LE BELLE ESPERIENZE CON I MA.VI: MA.VI. SCRITTURA E LIBRI POP-UP

Fin da piccoli i bambini hanno una competenza testuale che la scuola dovrebbe sviluppare progressivamente, aiutandoli a gestire ogni loro produzione in modo sempre più coerente e consapevole.

Partendo da attività di gioco che stimolino le funzioni esecutive e una vera e propria “palestra” grafo-motoria (perché ricordiamo che non si scrive solo con la mano, ma con tutto il corpo) e raggiungendo l’abilità strumentale di far corrispondere a una data sequenza di suoni una data sequenza di lettere, si passa solitamente, nella tradizione italiana legata alla scrittura, al saper scrivere inteso come “non fare errori”. Il passo successivo è la stesura di testi come analisi e produzione di scritti dai contenuti ricchi, personali, coesi.

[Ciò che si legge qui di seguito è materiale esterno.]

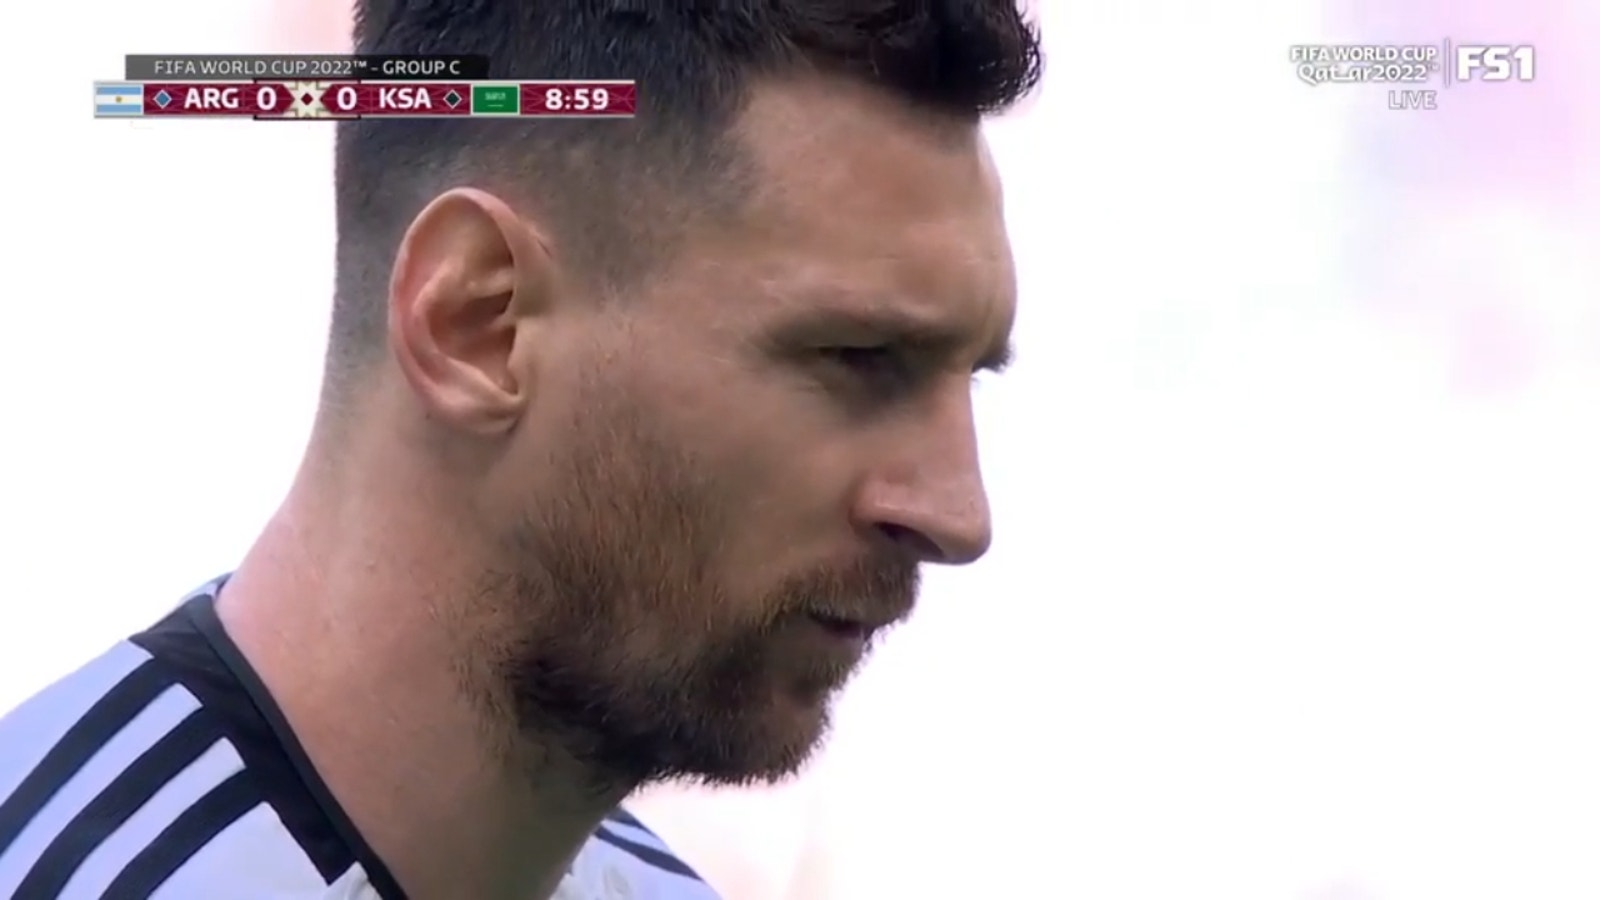 Lionel Messi ha segnato un rigore al 10 'per portare l'Argentina in vantaggio per 1-0 sull'Arabia Saudita.

Parallelamente allo sviluppo di queste abilità di scrittura possiamo utilizzare la rappresentazione grafica: il disegno, da semplice abbellimento del testo scritto, può sostenere anche i processi alla base della scrittura del testo, permettendo una vera e propria elaborazione cognitiva dell’organizzazione delle idee.

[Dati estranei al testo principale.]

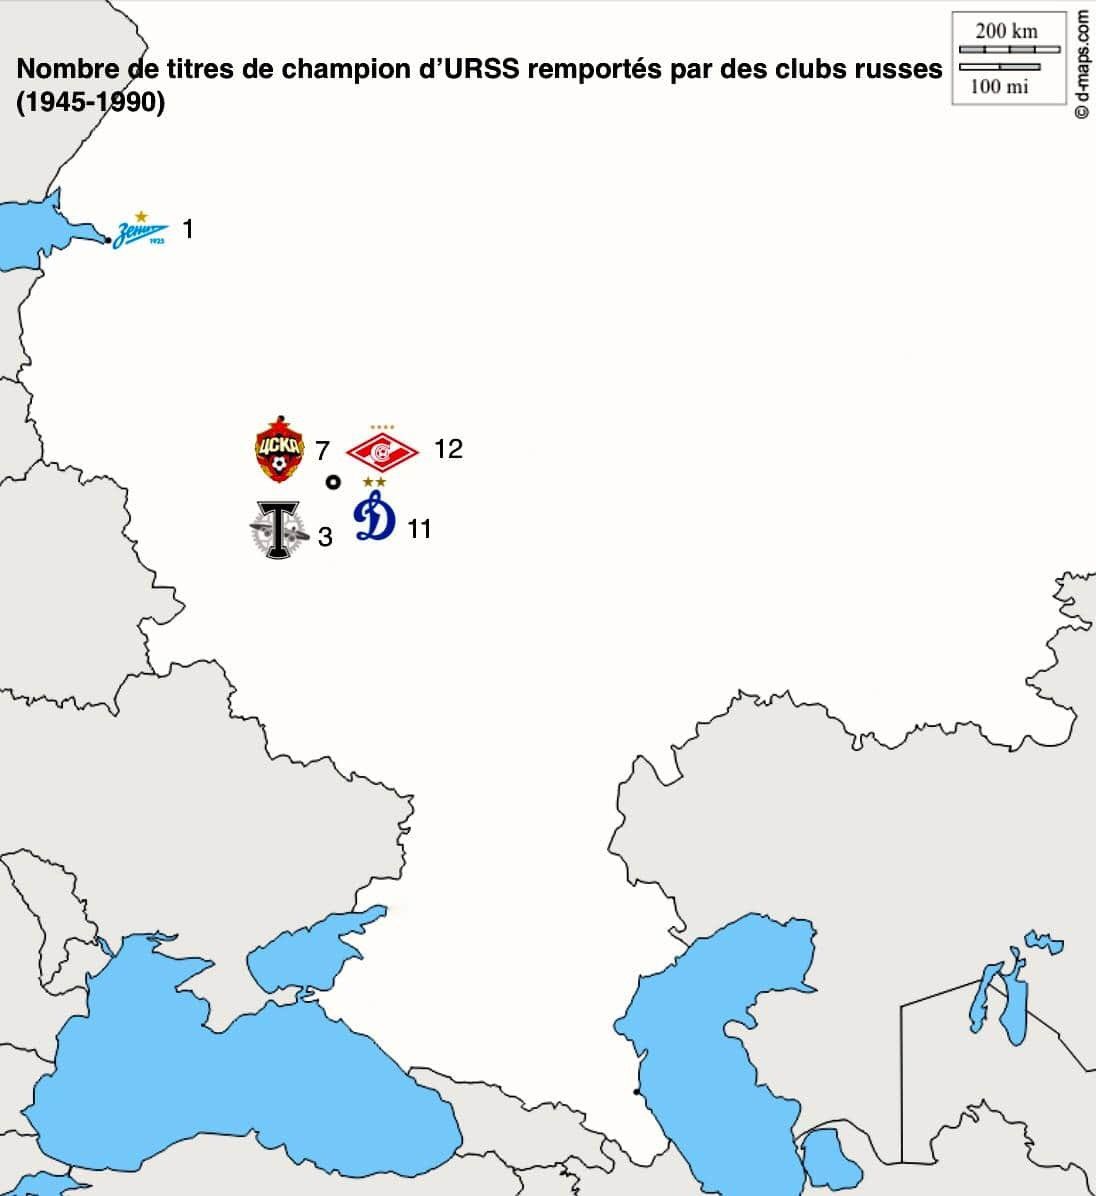  Russie :En URSS (1945-1990) :Titres remportés par des clubs de capitales de RSS : 50/54 (93%)Par des clubs de Moscou : 33/54 (61%)Part des clubs de Moscou dans les titres remportés par la RSS de Russie : 33/34, soit 97%. Seul le Zénith a remporté un titre dans les 80s

Ho svolto questa esperienza in classe terza, utilizzando i MA.VI. scrittura: ho utilizzato la mappa testuale proposta dal manuale come punto di partenza per l’ideazione di storie, poi realizzate in libri pop-up.

Gli alunni, divisi a gruppi, in “cooperative learning”, hanno completato la mappa (scaffolding per l’ideazione del racconto e nel rispetto delle varie sequenze). In seguito, hanno scritto il testo narrativo (realistico o fantastico) e hanno revisionato ciò che avevano prodotto: non sempre hanno avuto bisogno di una mia mediazione, dimostrando di aver preso consapevolezza dei vari aspetti della scrittura (non solo ortografico, ma anche morfo-sintattico e testuale).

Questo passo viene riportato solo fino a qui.